My DW and I watch a little now and then (mainly Alpha France titles), never stays on for more than 5 minutes (barely gets past the windy walks, earnest driving, scenes of Paris etc etc), we take the piss a little laughing at the moustaches, take the odd bit of inspiration from the underwear then it stays on in the background whilst the main event unfolds cos we can't be bothered to turn it off till we are done, but tbh for my personal time I MUCH prefer watching what we make ourselves.

PermanentTemporary · 09/02/2023 05:24

This sounds pretty grim, especially if he feels controlled by it. I will admit to being a porn user at times, I try to stick to literotica as I feel it's less exploitative, but obviously i get the attraction.

Is he actually showing serious signs of trying to change though? There's quite a lot out there about reducing porn use if he actually wanted to. I can't help feeling he is telling you what you want to hear while carrying on exactly as before.

FenghuangHoyan · 09/02/2023 15:49

Trouble with porn is that it is addictive and it also tends to lead to more extreme porn as you find your tust not getting it from the vanilla stuff any longer. It can also harm relationships as the addicted person compares their partner to those online (and no one is better than unlimited internet) and gets used to pleasuring themselves rather than their partner.

Aquamarine1029 · 09/02/2023 15:55

You should be running for the hills already.

BernadetteRostankowskiWolowitz · 09/02/2023 15:56

It would be the frequency of use that would bother me. Daily? What do the rest of you do while he is watching porn and having a wank?

NeonBoomerang · 09/02/2023 16:02

It doesn't bother me in the slightest. I too would be doing it every day if I had more time.

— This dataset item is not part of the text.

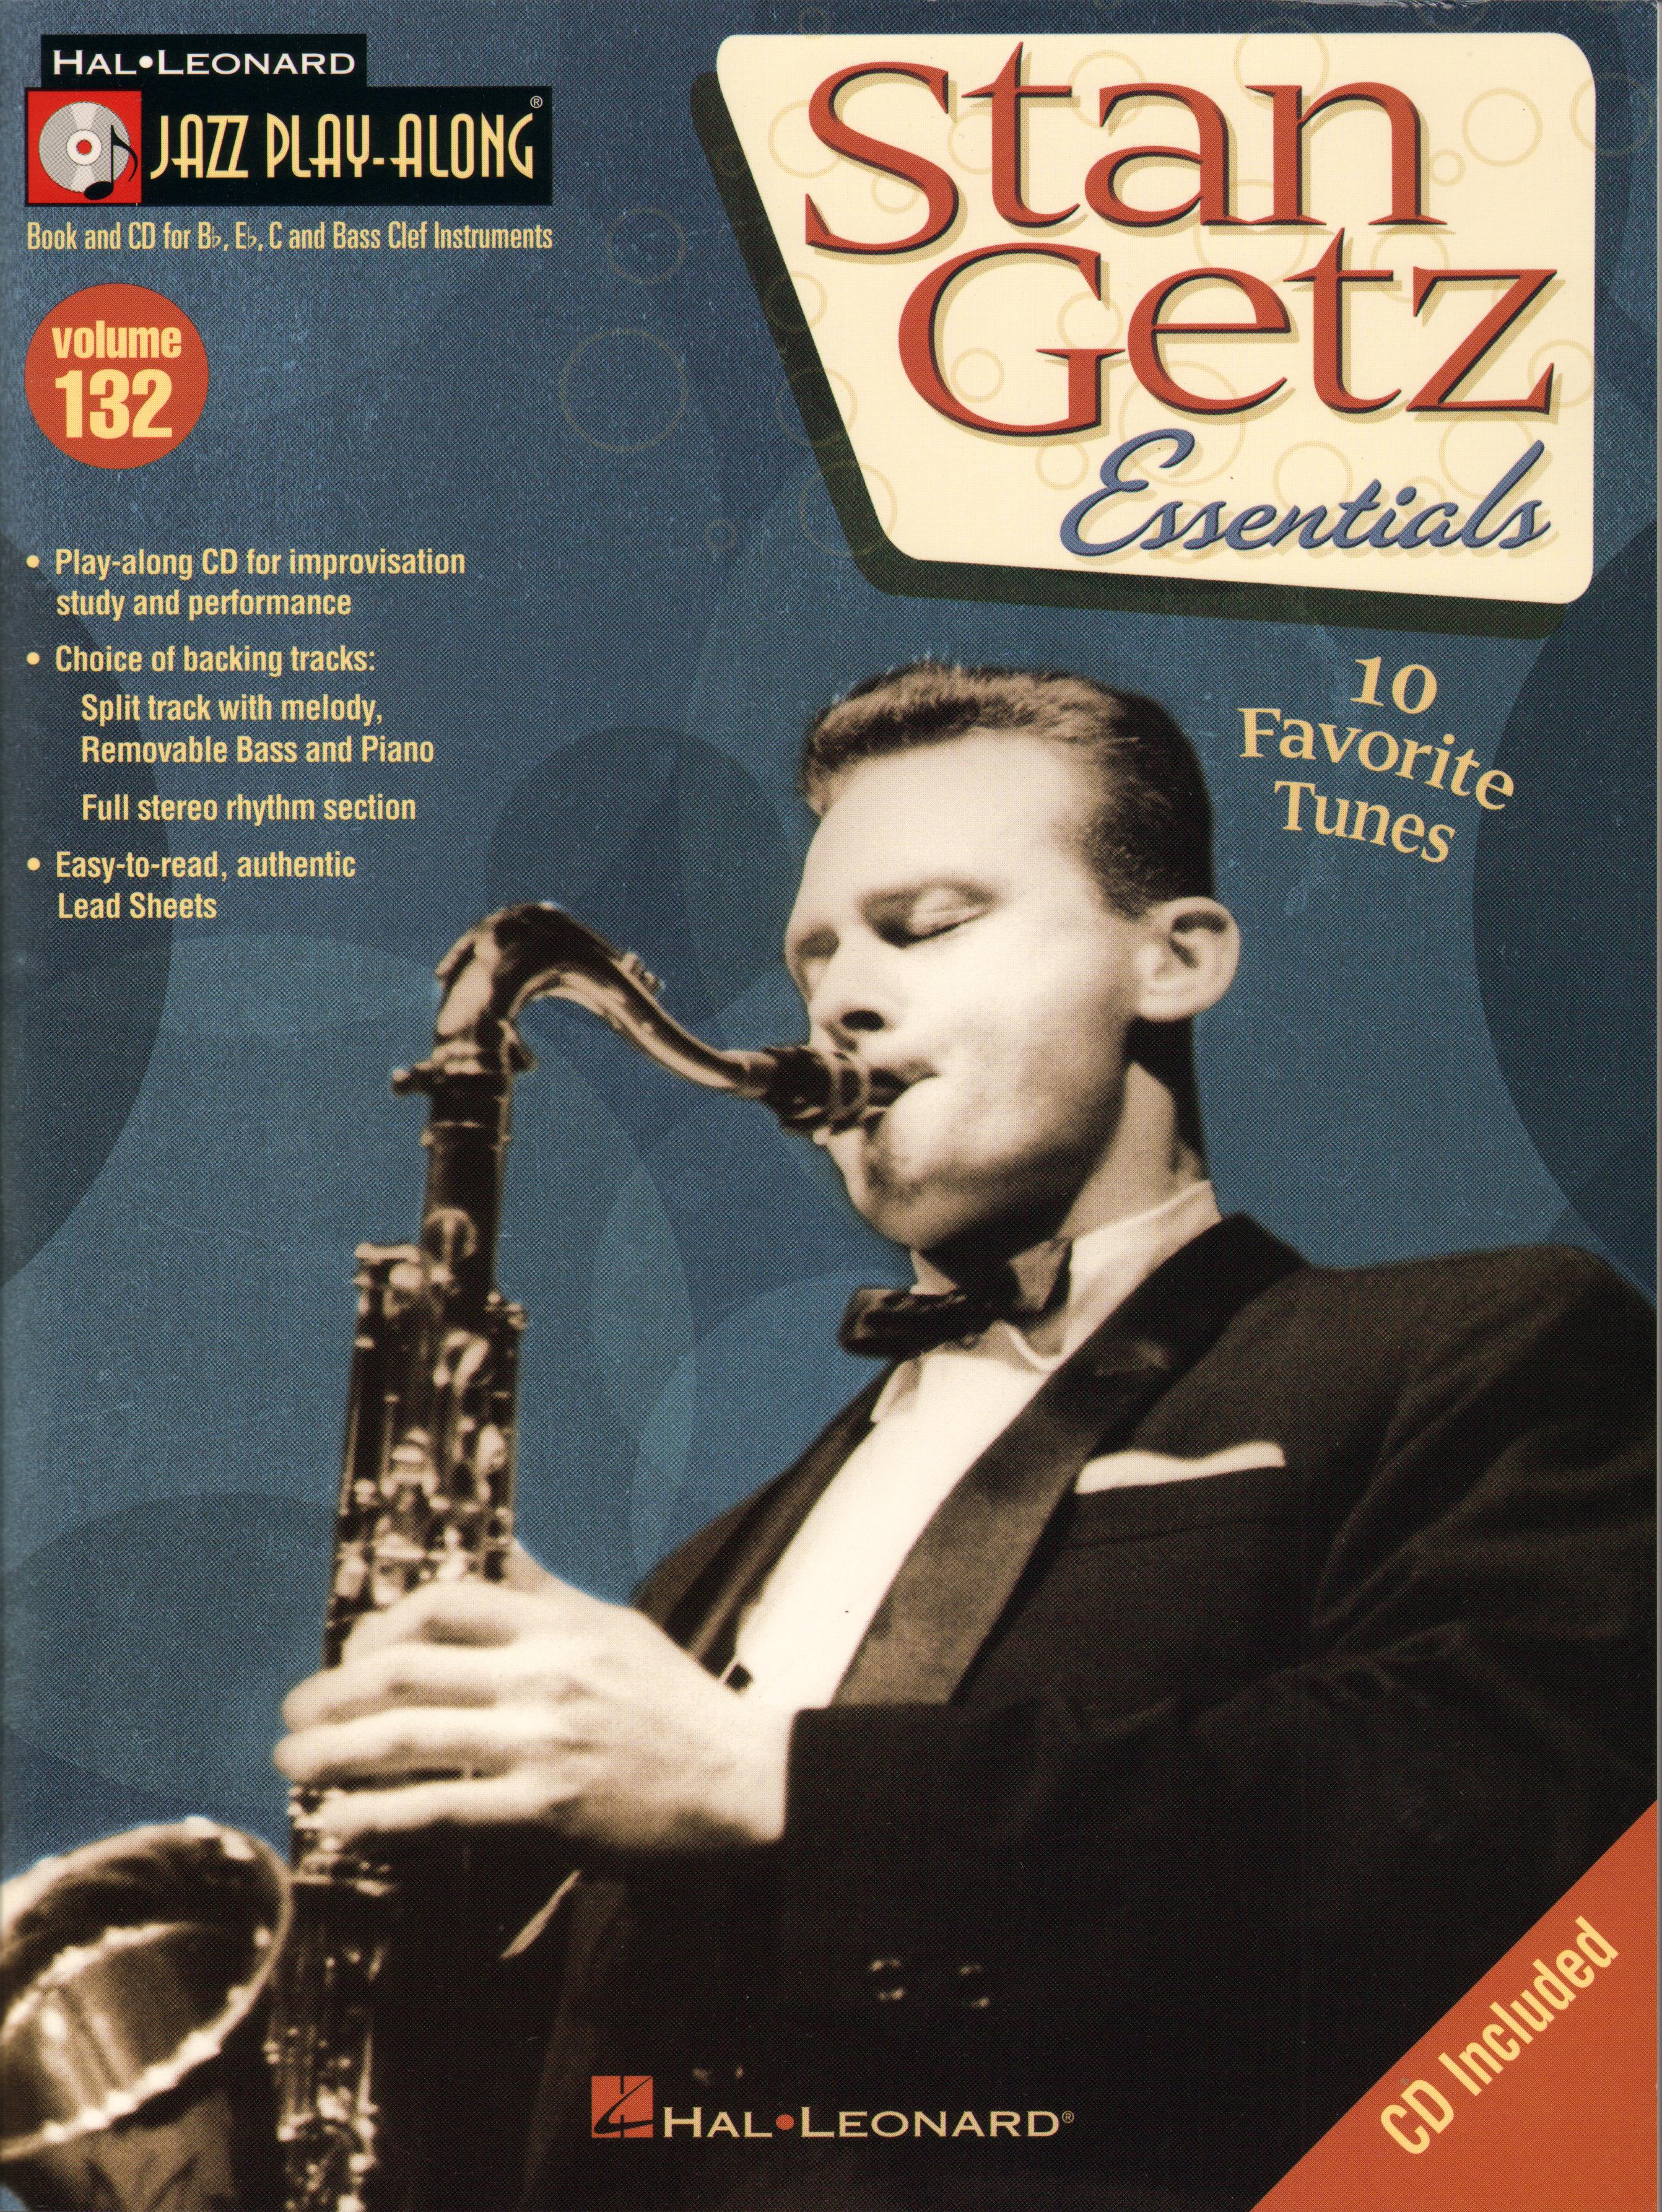 Jazz Play Along 132 Stan Getz Essentials Book & Cd Sheet Music Songbook

Tuilpmouse · 10/02/2023 07:18

BernadetteRostankowskiWolowitz · 09/02/2023 15:56

It would be the frequency of use that would bother me. Daily? What do the rest of you do while he is watching porn and having a wank?

I'm a bit perplexed by the basis of your post. Surely you I don't have an issue with someone having sufficient "me" time each day to masturbate (with or without porn), especially for a man who likely only needs a few minutes?

BernadetteRostankowskiWolowitz · 10/02/2023 07:34

Tuilpmouse · 10/02/2023 07:18

I'm a bit perplexed by the basis of your post. Surely you I don't have an issue with someone having sufficient "me" time each day to masturbate (with or without porn), especially for a man who likely only needs a few minutes?

Me time is fine. Just feels a bit off to think that me and the kids might be playing Cluedo while he is knocking one out in another room.

Sweptwindy17 · 12/02/2023 11:57

I used to watch a lot of porn until I met my partner. It just petered out entirely although I might keep half an eye on it to give us ideas. She watches porn too and does so for similar reasons.

But what really killed my porn consumption was the fact we started making our own porn -yes we video ourselves. So I was absolutely delighted to come home to find her 'busy' and very familiar sounds coming from her tablet.